For some who cannot work because of disability (whether it a physical or mental ailment), it’s important to find something you can do, even if it’s not traditional work. Why? Because you were designed to work and if it’s the right kind of work, it will help your mood. As a genealogist I’ve come across many people who cannot work in a traditional sense, are in fact wheel chair bound, but they have made it their purpose to investigate and discover their family history and also help others with theirs. This may not seem to be that ‘purposeful’ in the grand scheme of things, but they are using their brains, working that muscle and not only applying meaning to their life, but to others when the day comes someone else comes looking.  Imagine if you were to apply the same investigative skills to say the field of Apologetics? That would most certainly be God’s work and very meaningful!

Whatever you do with your days, you are meant to work. If the job you have is one of those “Just Over Broke” jobs, ask God for a new direction and ask Him for some help to get you into the role that matches your abilities, serves Him and leaves you feeling more ‘sustained’ and happy about what you do. Unless God is directing you to, you are never encouraged to stay in a job that makes you completely and utterly miserable in so much that you contemplate the nearest lamp post with your vehicle in a means to escape the daily endurance. Life is about God, not mere drudgery.  Seek His will. He does care about you and He does care about the work you do. So, if you’re not happy, ask Him to open a new doorway (it may require you asking for some more guidance on perhaps changing your learned direction in life).

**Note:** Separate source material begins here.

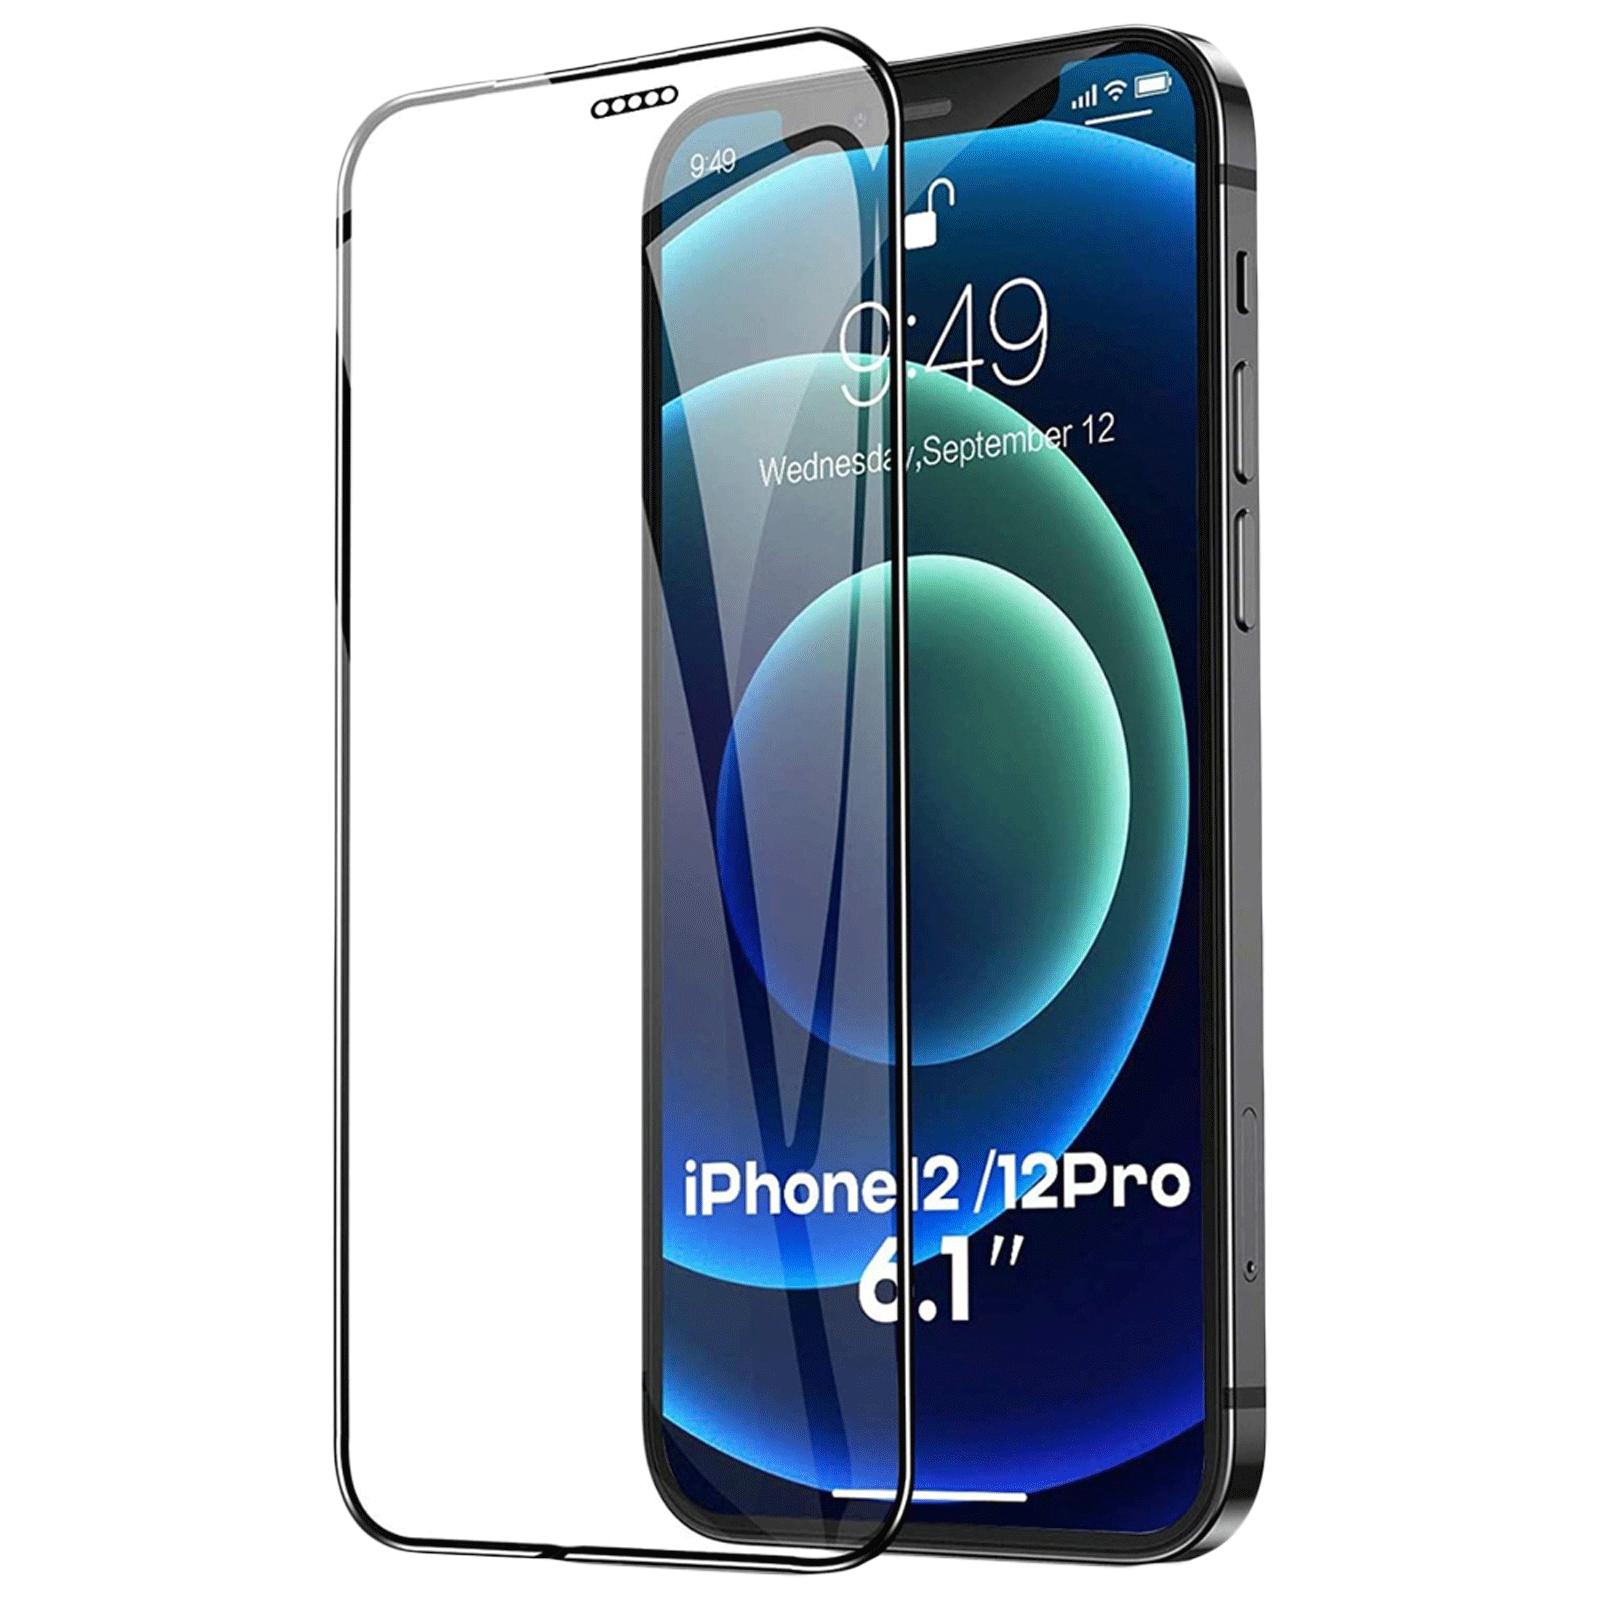 Dr. Vaku Dustfilter 3D Screen Protector For Apple iPhone 12 & iPhone 12 Pro (9H Hardness, VAKU-IPH12P-DUSTBL, Black)_1

I write this all as a reflection on working the 60 hour weeks I’ve started to undertake due to a job loss in the family and acknowledge that while things could have been far different and life became suddenly quite difficult, the fact that I could get more hours and be well compensated for those additional hours, affords my family the ability to maintain their home and family.  The Lord truly is my shepherd and I am not left wanting. He has provided me the options and opportunities and it is up to me to take them or dismiss them.